Similarly, a co-infection of HCV with schistosoma was accompanied with a decrease in the capability to spontaneously resolve the viral infection and frequently leads to rapid fibrosis and also higher mortality. These were explained by the synergistic interactive relationship of schistosoma-HCV with both liver fibrosis as well as with the mortality.25 Increased HCV-RNA titers, histological activity, incidence of cirrhosis/hepatocellular carcinoma and higher mortality rates were noticed in patients with co-infection.33

Many studies had investigated the degree of severity of liver disease in patients with single viral infection and patients with viral co-infection. The high incidence of liver cirrhosis and liver damage is reported in patients with viral co-infection.44–47 The increase in the severity of chronic HBV infection was demonstrated in patients had HCV-Ab.

HCV-Ab was detected in 8% of chronic HBV infection and increased with advanced liver diseases as in patients had HBV-related cirrhosis; HCV-Ab was detected in 10%. Moreover, patients who suffered from HBV-related hepatocellular carcinoma, HCV-Ab was detected in 17%.48 Likewise, liver cirrhosis was more prevalent in patients with chronic HCV and occult HBV infection with a documented synergistic action of both viruses together in the progression of the liver disease.49 Hepatocellular carcinoma was more commonly recognized in co-infected patients (14%) in comparing with 2% and 4% of chronic hepatitis patients who gained over malignancy on top of chronic HBV and HCV infections, respectively.50

The primary prevention of HCV and HBV infection in endemic country with schistosomiasis is so important and necessary. Insipid of no vaccine presents nowadays for HCV, many procedures have to be done to decrease HCV transmission in this risky population. HBV vaccine is essential to be used as a routine vaccine for them.

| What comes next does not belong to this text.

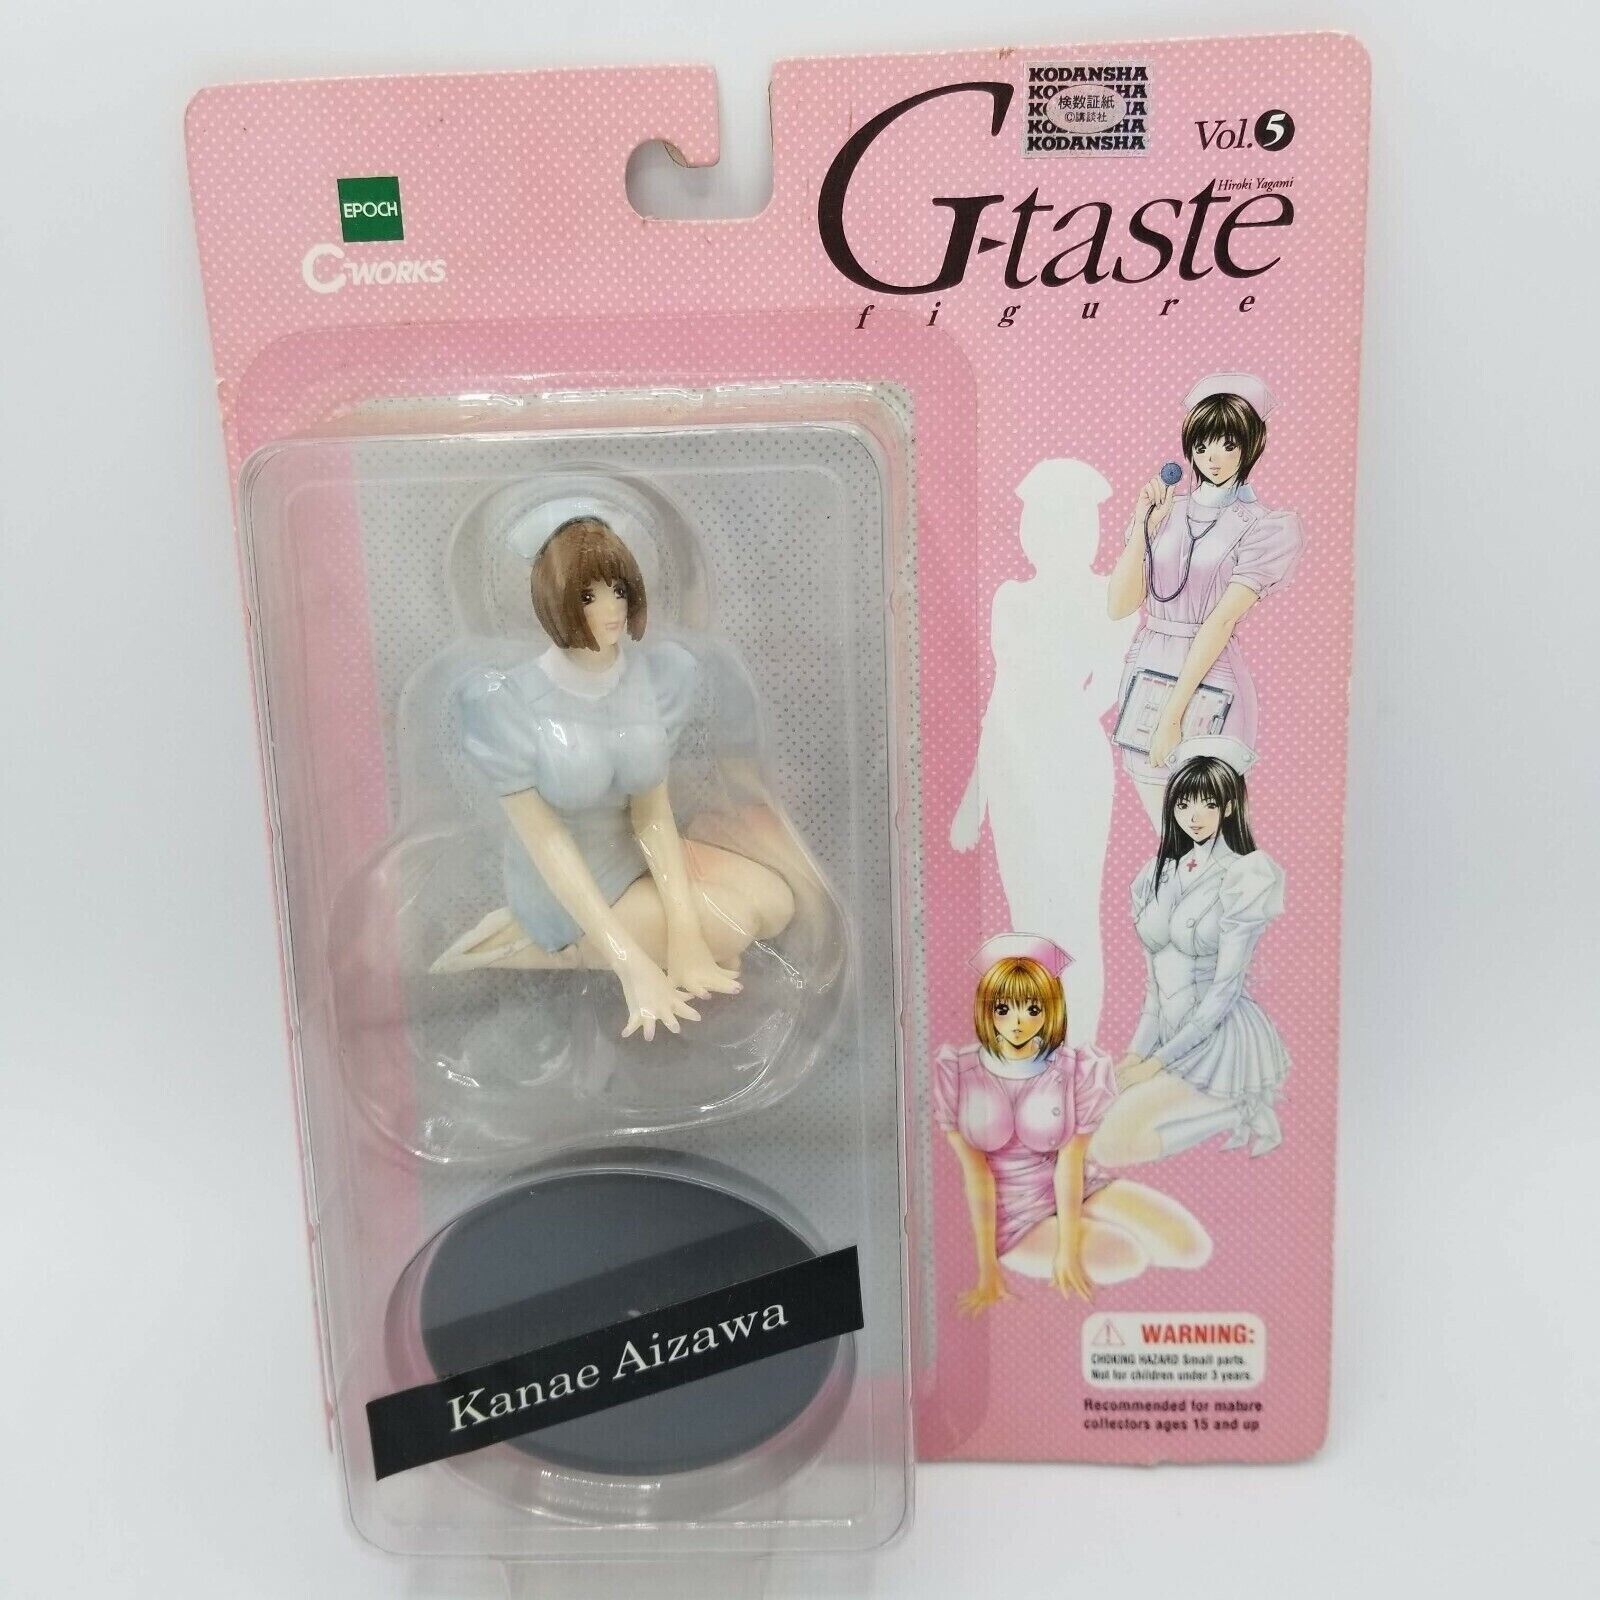 G-taste / Hiroki Yagami Gashapon / G-Taste Figure Vol 5: Aizawa Kanae New in box

Interestingly, in patients who had schistosomal infection, HBV vaccines can enhance the immune response while on the other hand, reduce the responses to vaccination was reported.31,40,51 Hence, further large-scale clinical studies are required to establish the final relation of schistosomiasis and HBV co-infection.

Finally, chronic schistosomiasis and HBV/HCV co-infection have serious effects on liver pathology. Co-infection accelerates the progression of liver disease and leads to advanced liver diseases and liver failure.